Alors même que votre projet de loi repose sur un postulat irréaliste et n’a aucune chance de marcher, il pose en outre deux problèmes de fond : la remise en cause du salaire comme premier et principal revenu du travail et la brèche ouverte dans le SMIC.

Comment ne pas voir dans ce projet de loi une tentative pour substituer le salaire, revenu fixe, encadré et déterminé, sur lequel s’assoit l’organisation de notre société, par un type de revenu totalement variable et imprévisible.

Pour notre part, nous ne souhaitons pas voir les revenus du travail des Français soumis aux aléas des performances et des contre-performances des entreprises et, pis, aux aléas des placements financiers.

Si l’on suit ce que vous entendez développer, quelle sera demain la part des salaires dans les revenus du travail ? N’y a-t-il donc aucune leçon à tirer de la crise actuelle ?

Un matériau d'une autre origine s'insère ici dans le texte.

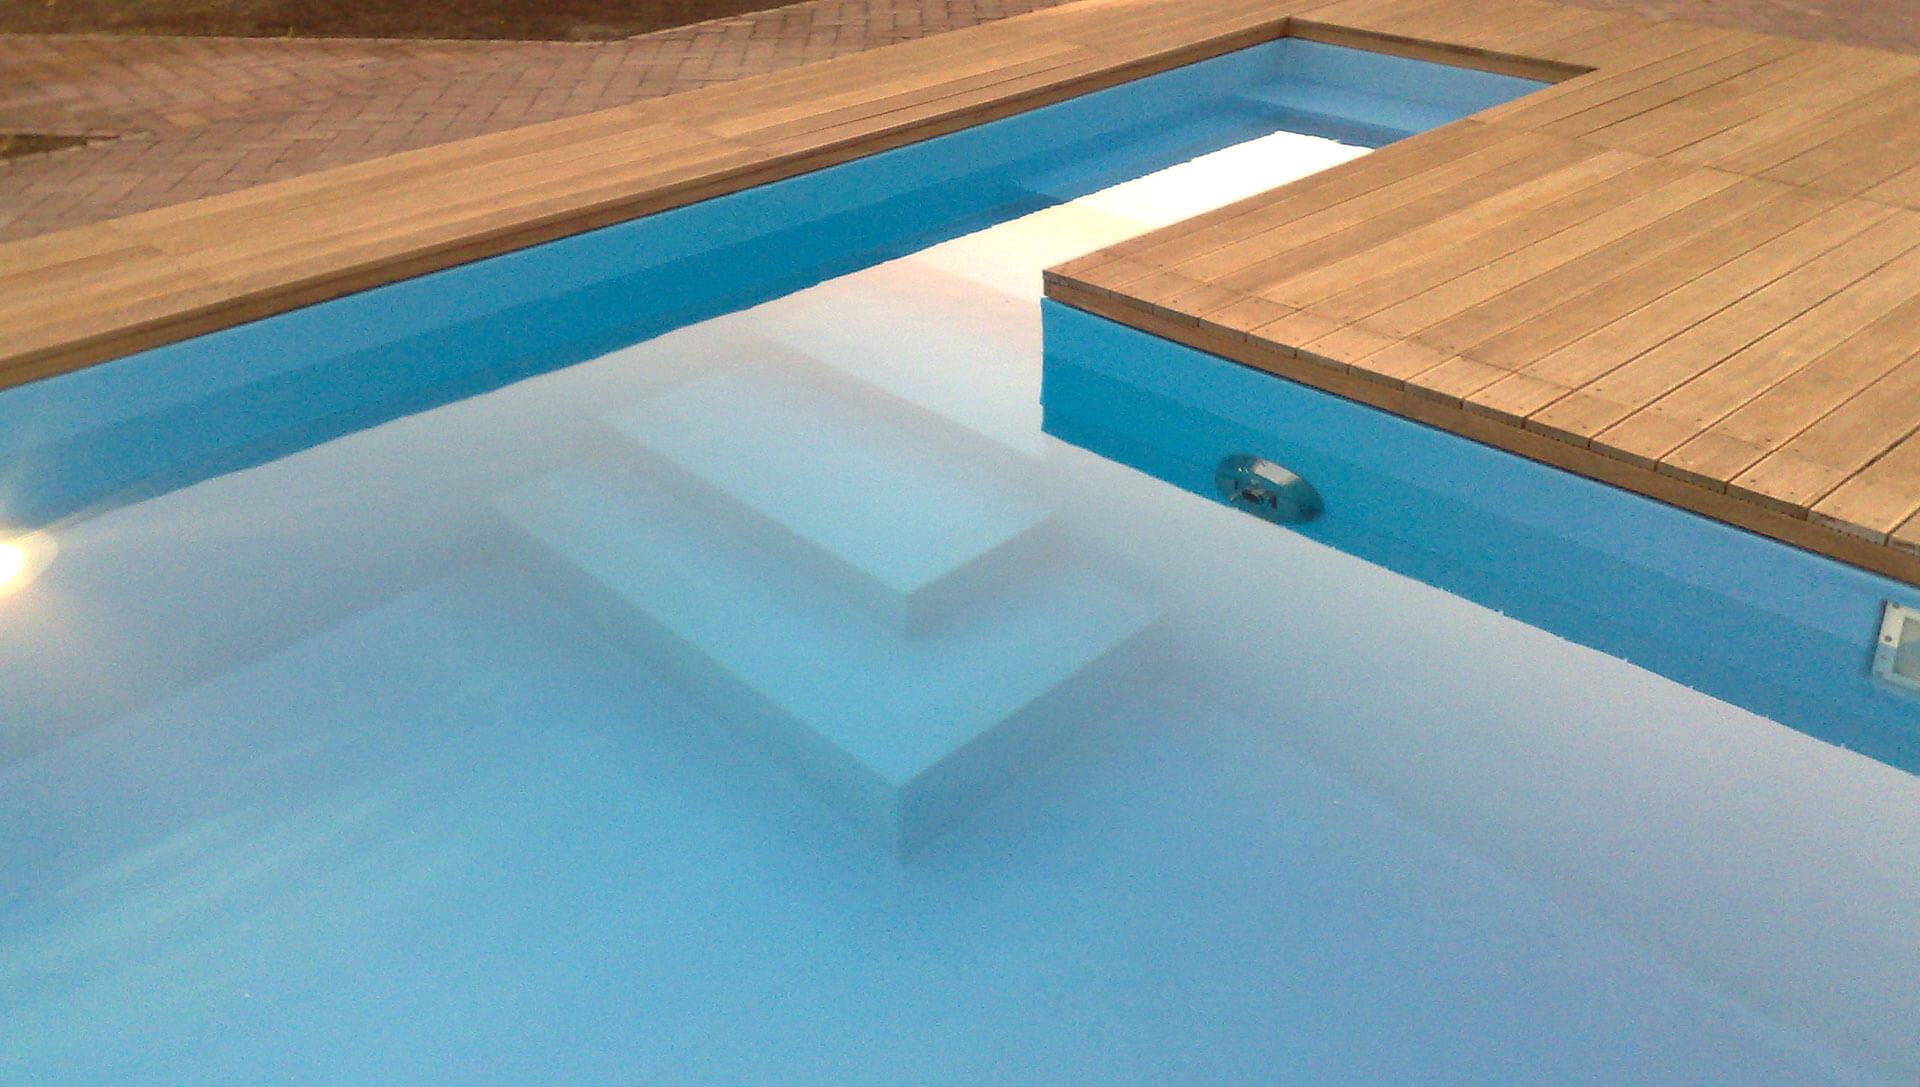 Správne umiestnený a kvalitne vyhotovený bazén je najkrajšou perlou záhrady

De plus, au-delà du fait que votre système favorise, une fois de plus, les hauts revenus, que deviendra le million et demi de travailleurs pauvres qui, par essence, n’est pas concerné par cette mesure ?

Dans cette même logique et malgré un contexte d’explosion de la précarité et une hausse du chômage sans précédent depuis plus de vingt ans, vous entendez redéfinir la fixation du SMIC.

Chantre du « pragmatisme » tous azimuts, qu’il pleuve, qu’il vente, qu’il neige ou même que ce ne soit pas du tout la question, M. le ministre a parlé de « dépolitiser » la fixation du SMIC.